Air drying involves simply hanging the plants upside down for about 1 to 2 weeks and is the traditional means of herb drying. This process is favored by most people because as the plant hangs upside down the oils & flavor are pulled into the leaves by gravity.
Place the harvested plants in a paper bag will help them retain their oils while gradually letting unwanted moisture evaporate. Placing them in the dark while the dry will ensure a high flavor herb.
Oven drying can be completed using either a conventional oven or a microwave oven. This is done by cooking the harvested leaves for a short period of time, for a conventional oven this is done on a low heat for 2 to 4 hours, for a microwave oven, they are cooked for about 3 to 4 minutes.
Salt drying involves placing harvested leaves in a tray of non-iodized table salt for about 2 to 4 weeks. This process can only be used on “non-hairy” leaves but can result in a uniquely flavored herb.

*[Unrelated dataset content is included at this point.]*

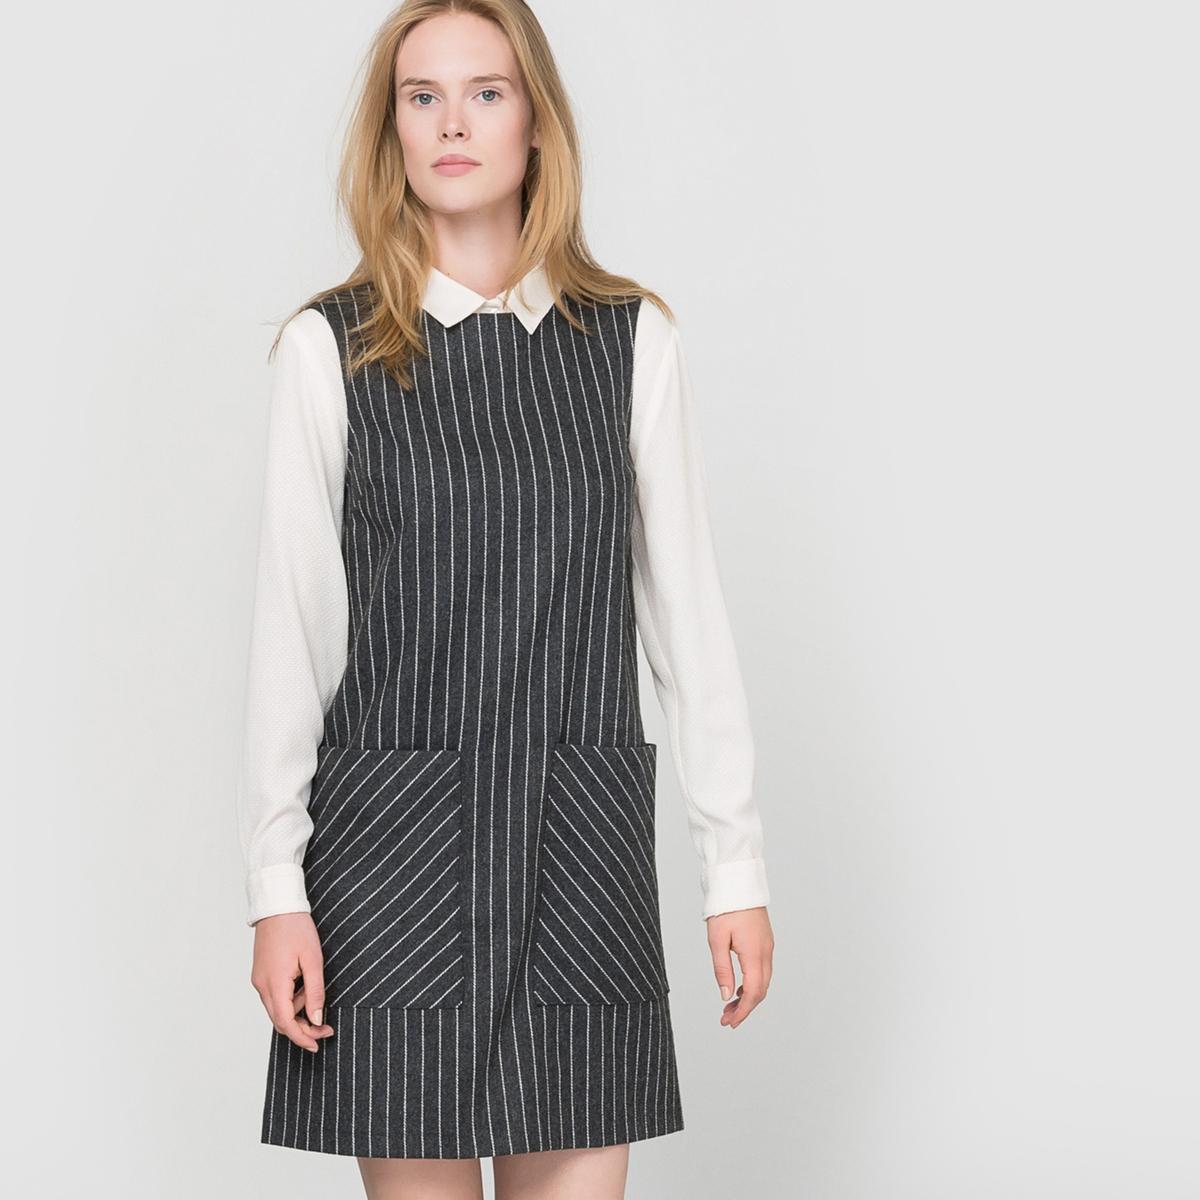 Платье без рукавов, сделано во ФранцииПлатье без рукавов, сделано во Франции. Гарантия высокого качества !Фланель в полоску. Круглый вырез. 2 накладных кармана спереди. Молния сзади.Состав и описание :   Материал :  40% полиэстера, 30% шерсти, 25% акрила, 5% других волоконДлина : 90 смСпецифическая особенность : Сделано во ФранцииМарка : R EssentielУход :Машинная стирка при 30 °C с вещами схожих цветовМашинная сушка в умеренном режимеГладить при низкой температуре.<br><br>Цвет: серый в полоску

After drying, the herbs are then clean, free from any remaining salt, and are then stored in a glass container.
After the drying process, all herbs must be either ground down to fine powder or they can store in air-tight containers.
For about the first week of storage, it is very important to inspect the stored herbs daily to see if there are any signs of moisture, such as water droplets within the container, or at worst, growing mold.
That’s all guys about growing herbs in backyard of your home garden. Keep gardening!.